Hunterad's journal

It’s been almost three years since I last made a journal entry, wow, time flies. I’ve thought about posting a number of times and occasionally written out a post and deleted it. Usually while rereading a post before hitting ‘reply’ I find some objection to the post, and most often that objection is that I already know the ‘answer’ to my problems is in the very simple very direct application of the actualism method, and that everything I’m writing amounts to procrastination and avoidance. Although I think this is true, I also think that writing may help end the procrastination sooner, especially considering that I am effectively writing journal posts inside my head anyway :laughing:

I think the essence of what I have learned in the last 31 months is that pursuits of material success don’t bring lasting fulfillment. It seems like normally people learn this before learning the same lesson with spiritual success, but having been intensively engaged in spirituality (Buddhism) early in life, I think I may have learned these lessons in the opposite order. Long story short I went back to school while working part time, applied myself intensely, and made the transition from working in the food service industry to working as a data engineer in the digital marketing industry. This new profession is certainly more financially lucrative and less physically demanding, but, as I’m now seeing clearly, it has precisely the same potential for stress, discontentment, and disharmony with others. I think this insight is something I understood and believed in all along but I certainly held out hope that somehow I would be in a better position to deal with these things after this ‘upward’ transition in real-world terms.

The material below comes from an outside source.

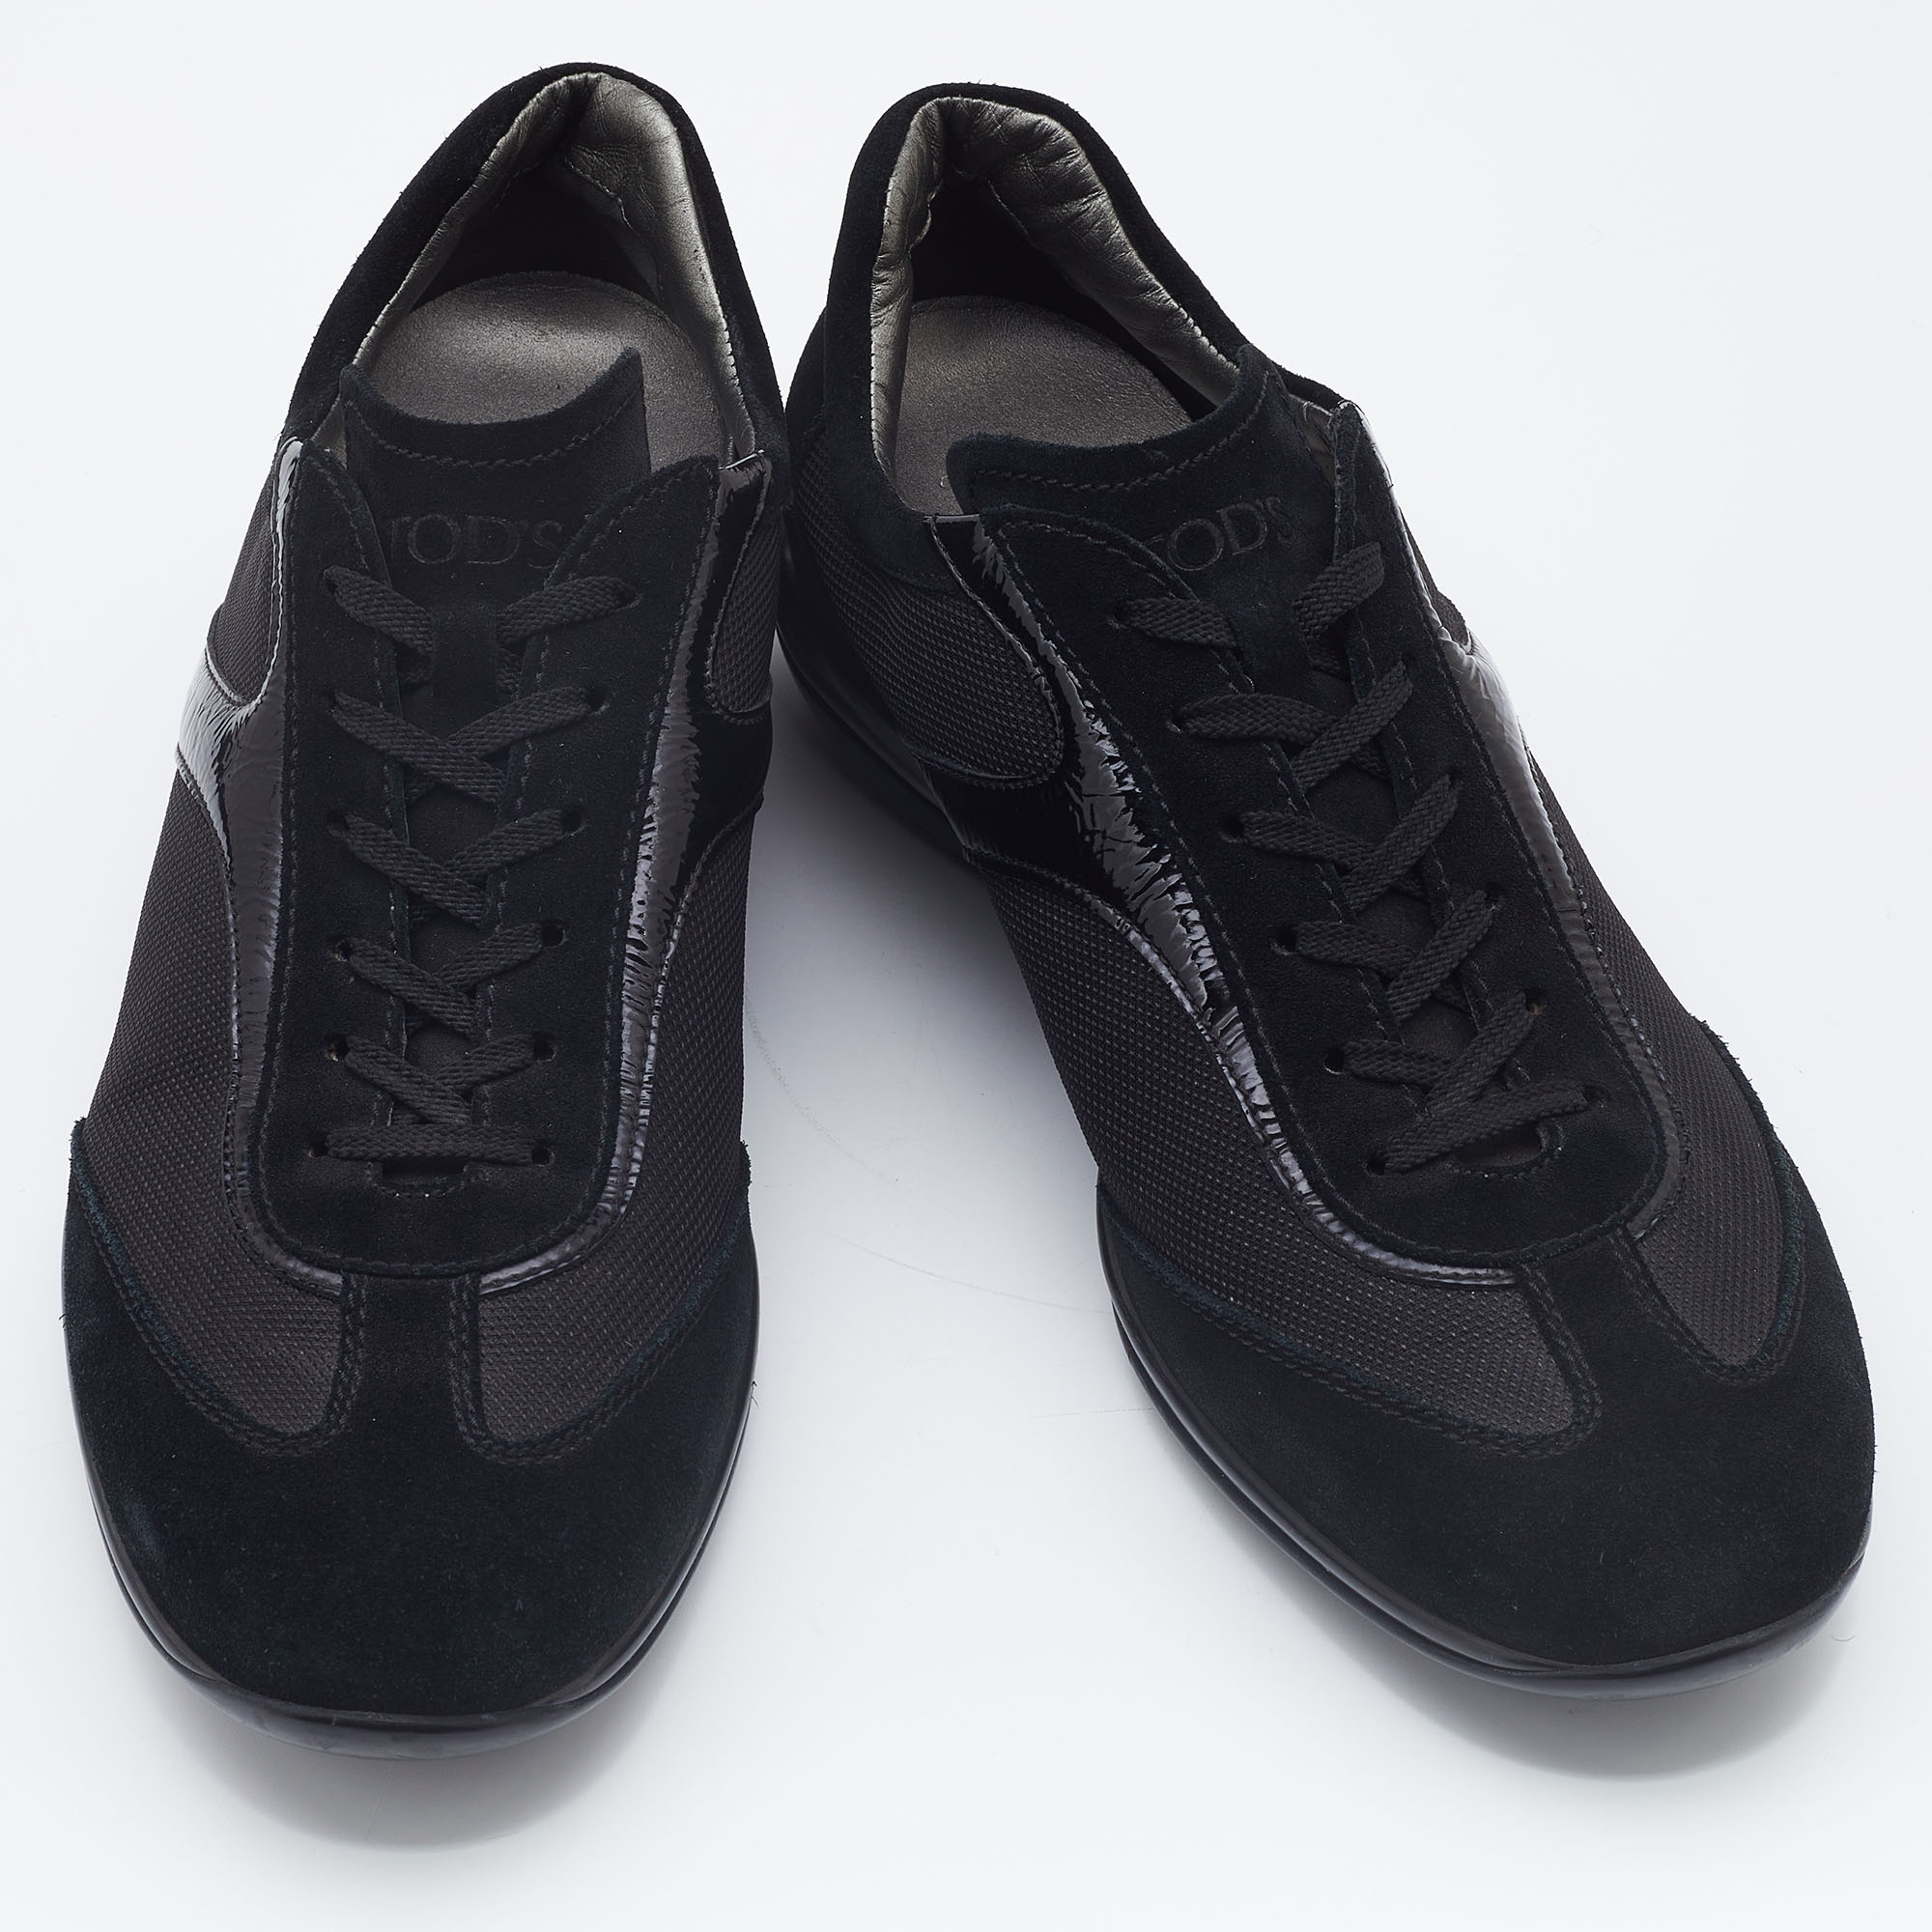 Tods Black Suede, Patent Leather And Mesh Low Top Sneakers Size 44
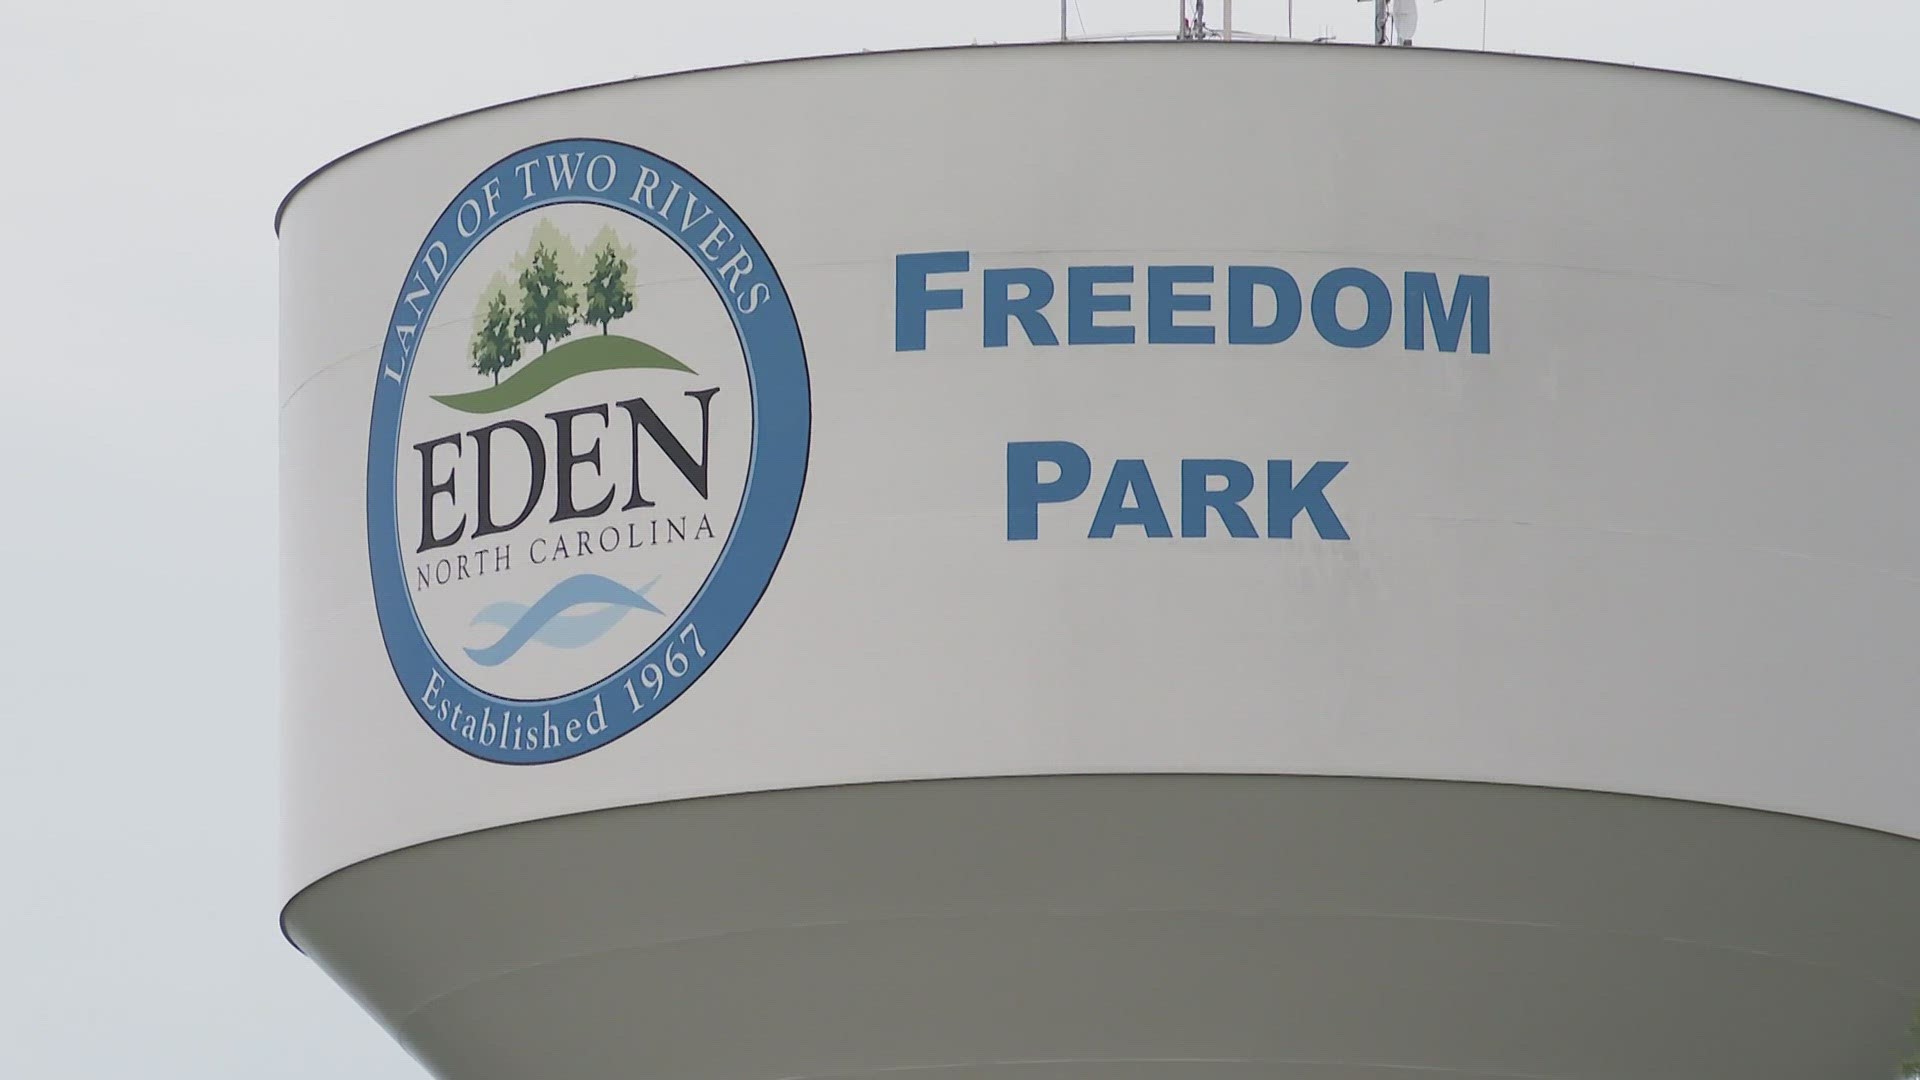 Eden police say John Powell murdered someone in the parking lot of Freedom Park

The other big change in this time was entering into my first (still ongoing) long-term relationship with my girlfriend. We’ve been living together and spending almost all of our free time together all this time, in relatively good (but far from perfect) harmony and intimacy. There’s no other place in my life where there is such direct feedback for the quality of my actualism practice as there is in how I experience our relationship. When I’m not applying the actualism method, the relationship can feel unfair and stifling, while when I am applying it things can feel incredibly intimate to the point of feeling magical, like there is no separation between us. These ways of experiencing can alternate fairly rapidly where I feel like I can ascend and descend through that spectrum of experience in the course of a week. With ‘work stress’ on the other hand where relationships are much more measured and controlled, that same alternation in mode of experience is much more internal.

So with that recap out of the way, I’ll turn my focus to how I’m pursuing that better way of experiencing, and what is preventing me from applying it more consistently. Since this post is getting pretty long, I will try and stay light on the details, with a plan to post more consistently and fill them in a bit over time in a less formal style and in dialogue with anyone who chooses to comment.

My focus, inspired by the successes of several participants and their interactions with Vineeto, has mostly been on diving into naivete. This has been a process of making an effort to recognize that I am my feelings, that I can choose how I want to be, and that being naivete is essential to (or perhaps the same as?) being happy and harmless. I remember being particularly stirred by this from Vineeto:

especially the endorsement of Kub’s ‘passionate care to be innocence personified’, recognizing that it had never really been part of how I approached actualism.

Since then, I’ve been attempting to galvanize that passionate care which is for this body and everybody to flourish through ‘my’ seeking naivete, which is inextricably linked to seeking my end. Directly recognizing that my calculating/guileful tendencies are the very thing that prevents happiness and harmless is a small step from seeing that my being is the very thing that prevents perfection.

All this feels clear while I write it, but what is not so clear is how I will successfully function in the competitive world in which I live, surrounded by fellow calculating and guileful identities, if I dive with greater abandon into naivete and eventually innocence. It’s like I know that I could sacrifice my cunning in exchange for peace and harmony, but I don’t know with confidence that this body will continue to provide for itself and others in an environment where those identities are competing for the same resources as me (and of course they too are largely driven by their fear of mine and others cunning).

I have moments of confidence in this brain’s ability to accomplish everything necessary with ease, and I also have shocks where I fall back down into the fray upon seeing the undeniable insecurity of my employment/wealth/reputation/whatever. I think there is some failure to fully distinguish naivete from pacifism at an experiential level, plus a lack of consistent experiences of naivete that would give me confidence in my ability to live my life in that state. Additionally, I think I am driven by instinct to achieve something that is not actually possible, which is a permanent security/survival of some sort, and since I know there is nothing that can be practically done to achieve this impossibility, my efforts are effectively reduced to emotional grasping for it and lamenting its unattainability.

Anyway, that’s all for now, but more to come!